UK’s shellfish fishermen fear losing their homes over post-Brexit export ban

Full extent of trouble facing fishing industry laid bare

Shellfish fishermen in the UK revealed that many fear for their future as a result of the post-Brexit European Union ban on their exports.

Since Britain left the EU on January 1, 'Class B' oysters, scallops, clams, cockles and mussels can’t be sold to the EU unless they’ve been purified in accordance with water regulatory standards.

One fisherman told British broadcaster Sky News the situation is so bad they’re at risk of losing their homes.

“If I’d never put money in the bank and my wife wasn’t working, I think we’d be out of a house,” said Tim Heard, 65, an oyster fisherman for 50 years.

The UK government on Sunday said that it would make extra financial support available to the industry, expanding eligibility criteria to include catching and shellfish aquaculture businesses.

"Our fishermen are at the heart of many of our coastal communities and we recognise the impact of coronavirus and the end of the transition period on them," Environment Secretary George Eustice said.

"This expansion of our £23 million ($32.2m) support package will ensure many more businesses can benefit from government support.”

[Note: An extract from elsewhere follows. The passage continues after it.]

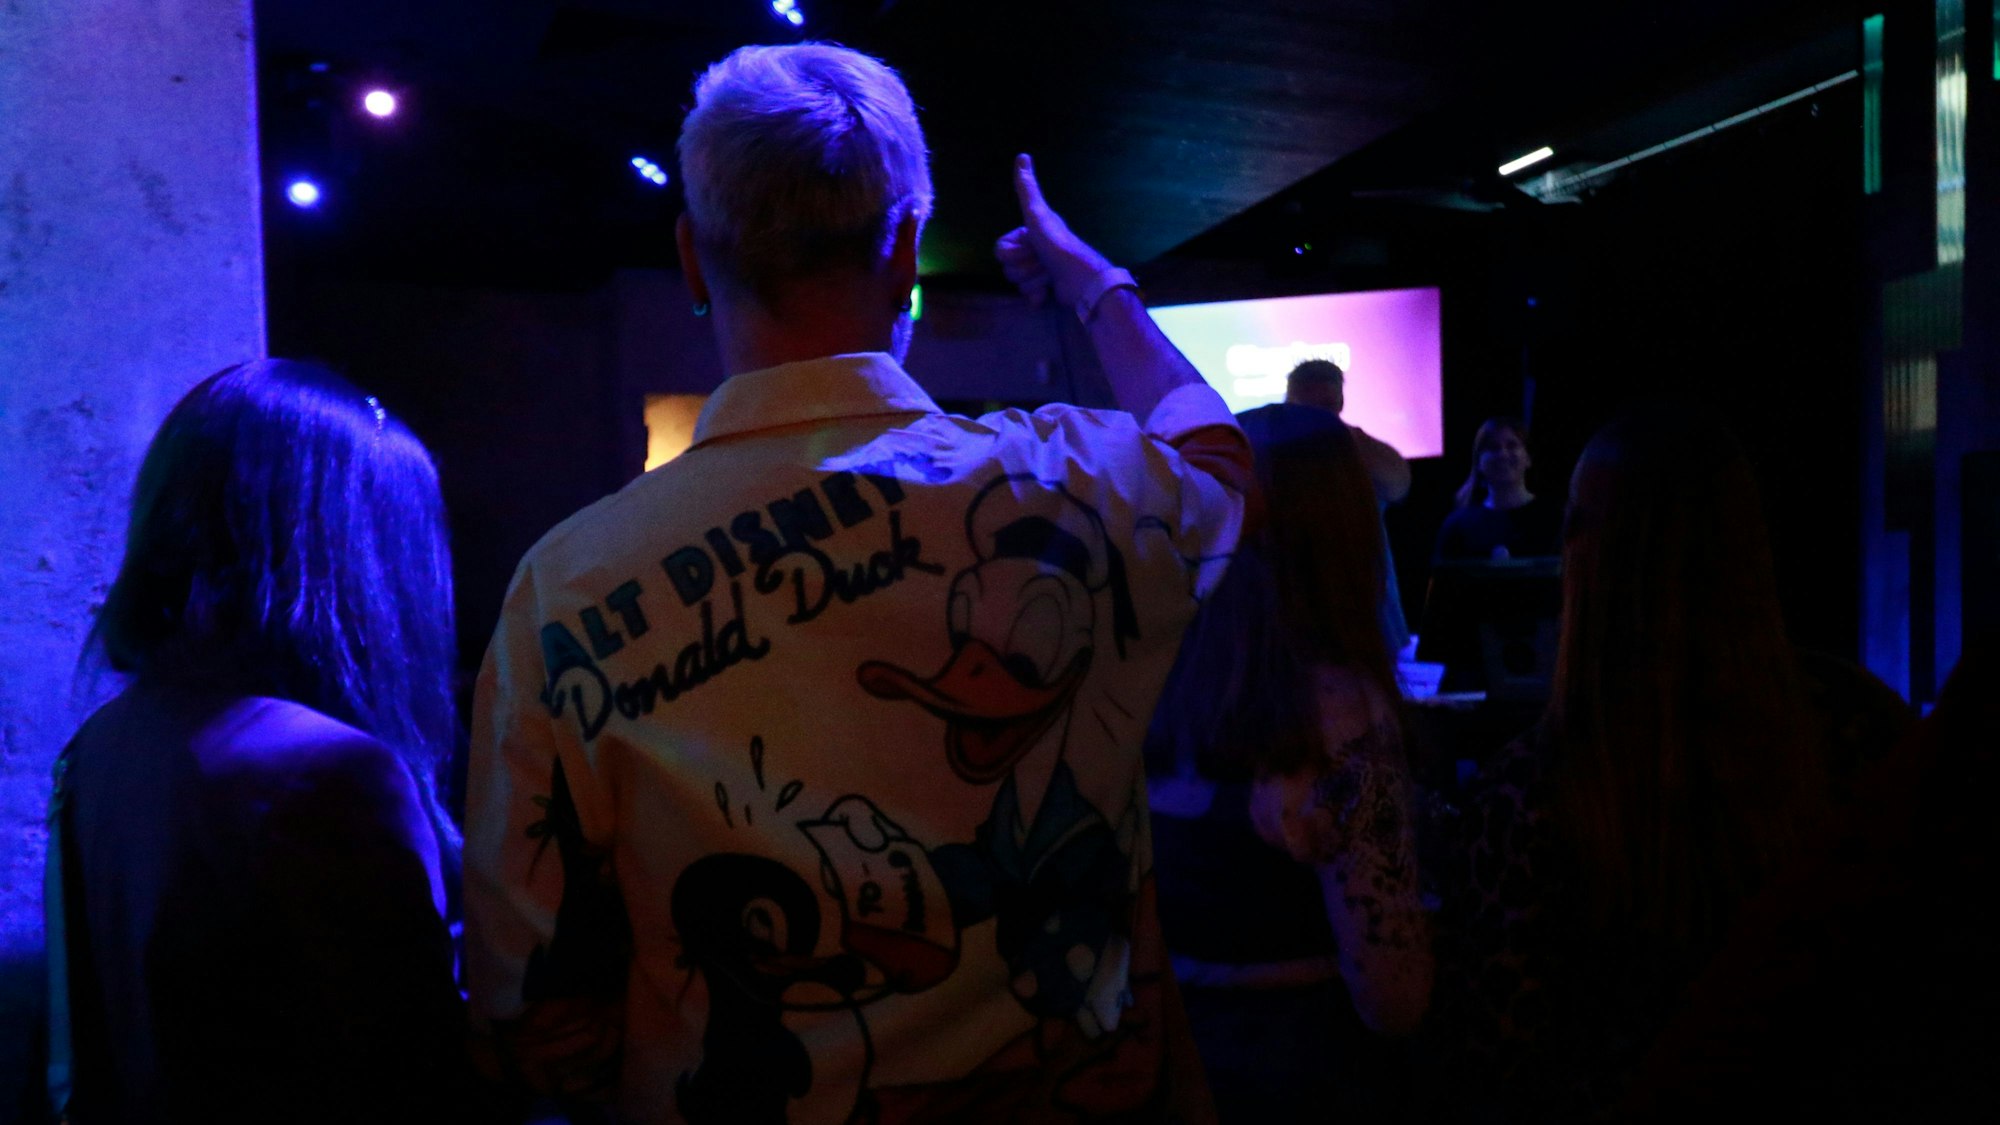 Zwei Personen stehen in einer Menge. Ein Mann trägt ein Hemd mit Disney-Motiv.

Increasing financial aid alone won't appease the UK's shellfish fishermen, who in January parked their lorries draped in protests outside the Houses of Parliament.

They are urging the government to contest the ban, with Sailors Creek Shellfish-owner Martin Laity among those seeking “direct answers”.

“Get a move on, sort it out, get some stamina, get over to Europe, sort it out,” he said.